The ANOVA results in two types of mean squares: MS(between), which reflects the variation among the different treatment groups, and MS(within), which reflects the variation within the treatment groups. In this study, the MS(within) value of 2.071 is used as an essential component in calculating the standard error for subsequent post-hoc comparisons.

t-Distribution

The t-distribution is a type of probability distribution that is symmetrical and bell-shaped, similar to the normal distribution, but has fatter tails. It's used commonly in statistics when the sample size is small and the population standard deviation is unknown. The t-distribution allows for finding the critical value that corresponds with a particular confidence level for the estimation or hypothesis testing..

In the cattle study, the critical value from the t-distribution is needed for constructing Bonferroni-adjusted intervals. This critical value will adjust for multiple comparisons and control the Type I error rate when comparing the selenium levels between the control group and the treated groups.

Standard Error

Standard Error (SE) measures the accuracy with which a sample represents a population. In other words, it tells us the precision of our sample mean estimate. A small standard error indicates that the sample mean is likely to be a good estimate of the population mean.

In the cattle study, SE is calculated from the MS(within) from ANOVA and the number of cows in each group to understand the variability within our mean differences. SE is crucial for constructing confidence intervals and for any inferential statistics that allow us to draw conclusions about the population from our sample.

Dietary Treatment of Anemia in Cattle

Dietary treatment of anemia in cattle involves addressing nutritional deficiencies that may lead to reduced red blood cell counts. One such nutrient is selenium, which is important for multiple bodily functions including the immune system and thyroid function. Anemia can be detrimental to the health and productivity of cattle, so understanding the optimal level of nutrients like selenium is critical.

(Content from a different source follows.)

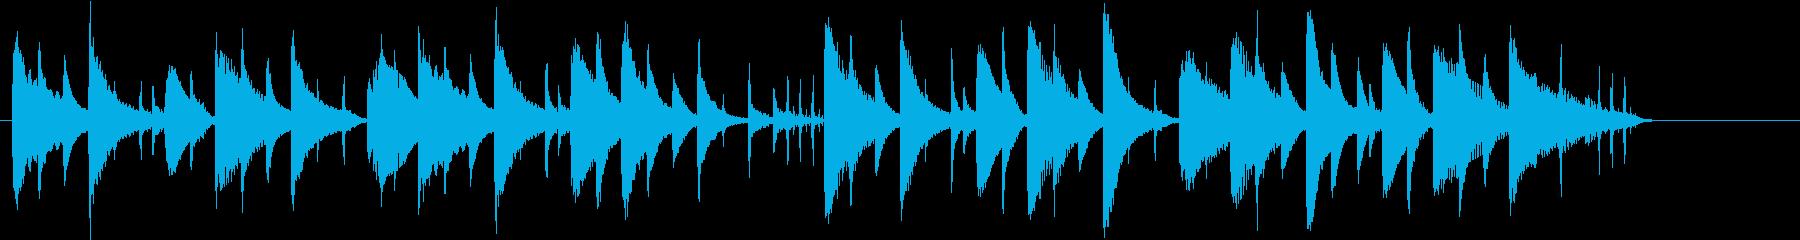 ほのぼの系のシンプルな短い曲の再生済みの波形
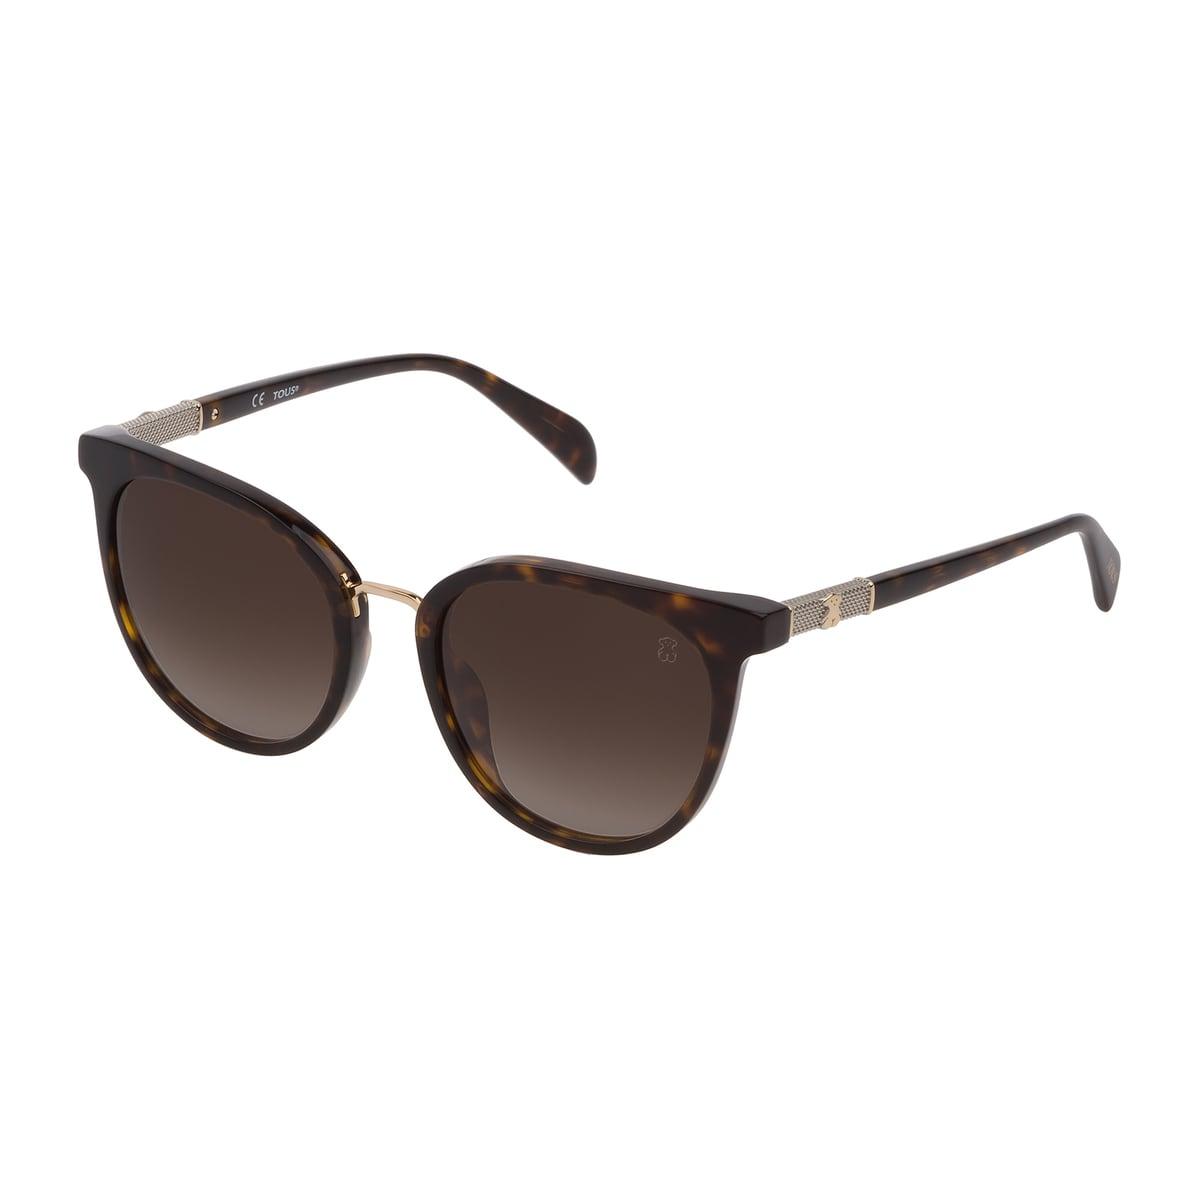 Gafas de sol Mesh de metal y acetato en color marrón

In the given study, researchers are evaluating the effectiveness of different regimens of dietary selenium supplementation. By measuring blood selenium concentrations, they can assess which treatment, if any, is most effective in addressing selenium deficiencies that may be related to anemia.

Selenium Supplementation

Selenium supplementation is a key focus in the dietary treatment of cattle for preventing and addressing anemia. Selenium is an essential trace mineral that plays a critical role in metabolism and thyroid function, and it can impact red blood cell production in cattle.

The study examines different levels of selenium supplementation and their effects. Appropriate selenium levels are necessary; both deficiency and excess can lead to health issues. Therefore, carefully designed supplement regimens are tested to identify whether selenium can correct anemia-related issues and to understand the appropriate dosage for maximum benefit without toxicity.